An interesting article found in the GUARDIAN, let me quote some abstracts:

The speedy panic with which our governments agreed to throw billions of pounds away to restore “confidence” suggests that the dream is over and we are awakening to a strange new socialism, in which an increasingly authoritarian government has taken public control of financial capitalism in order to save it from itself. We read today that equal pay reviews no longer matter. Migrants are left to starve on the streets as the government heads off the far right by pandering to it. And so it’s precisely now that the question of an alternative must be re-opened.

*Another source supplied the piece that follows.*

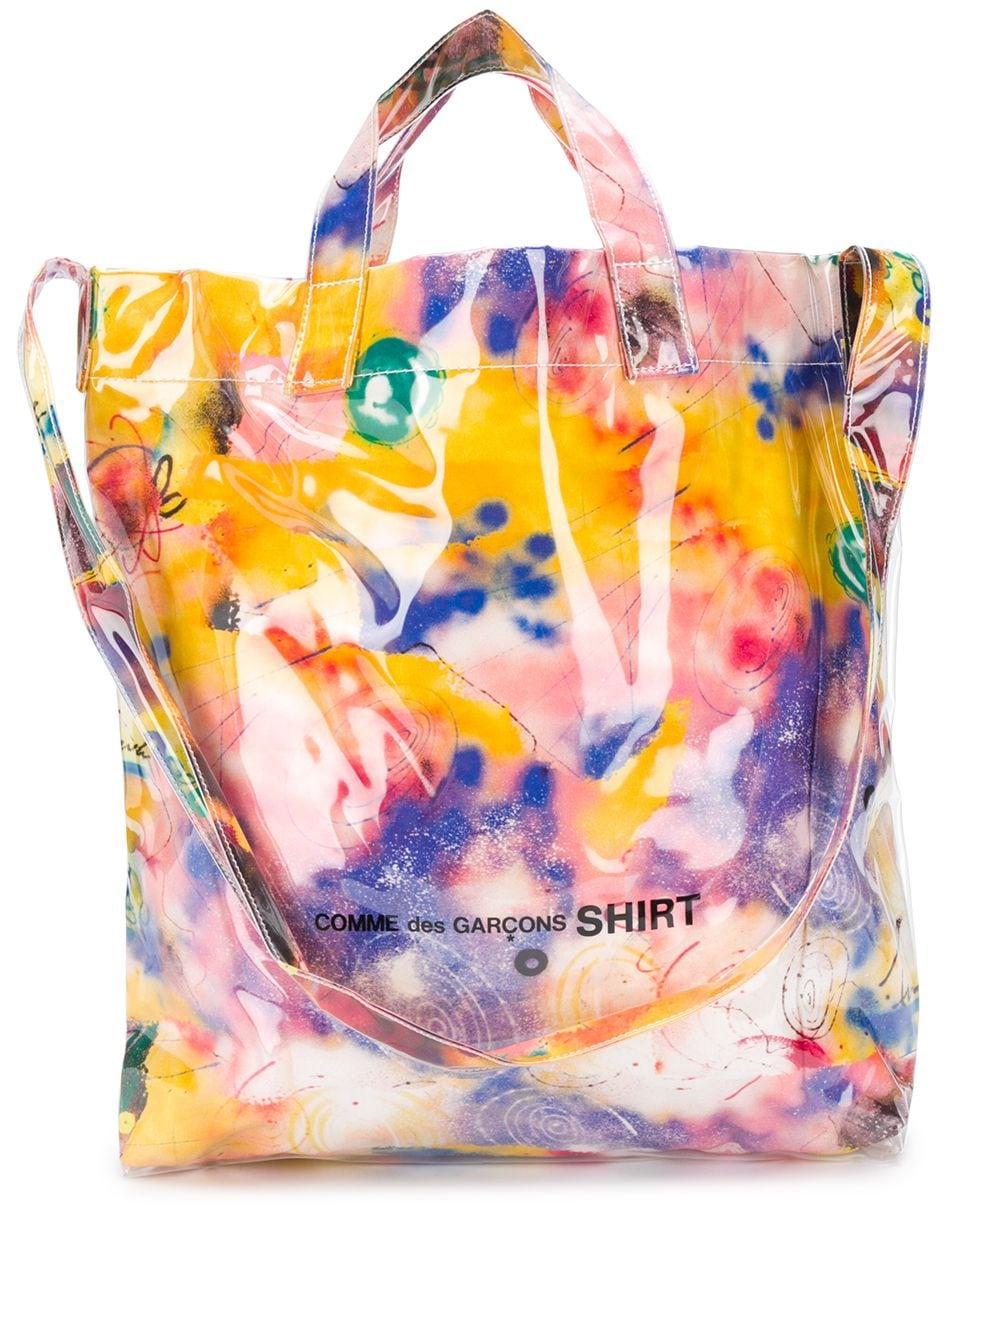 <p class='small-title'>COMME DES GARçONS SHIRT</p>COMME DES GARCONS Futura 2000 Bag

Against this backdrop, Birkbeck College this weekend hosted a symposium on the idea of communism. Originally planned as a meeting of philosophers and those who enjoy hearing their debates, the unexpected material circumstances of history instead gave the event a genuine sense of urgency. Even the BBC came to hear Slavoj Zizek, Alain Badiou, Jacques Ranciere, Michael Hardt, Toni Negri, and others speaking on the possibilities and challenges of reinventing the communist ideal today.

The conference was happily free of dogmatism. No one on the stage was there to represent a particular party or doctrine. There were disagreements, but at heart was a simple proposition. Communism is an idea that has been with us in different forms for thousands of years, as Terry Eagleton pointed out. The task is now to think what the concepts of egalitarian voluntarism, self-organisation, common ownership of common means of production, abolition of class-structured society, and freedom from state power can mean today.

First, the question of the role of the state and the economy remains open. While Judith Balso, Toni Negri and Alain Badiou insist on creating new political movements at a distance from the state, Zizek and Bruno Bosteels point to the experiences of Bolivia and Venezuela as contemporary proof that by taking power, a progressive radical movement can survive even against overwhelming reactionary forces.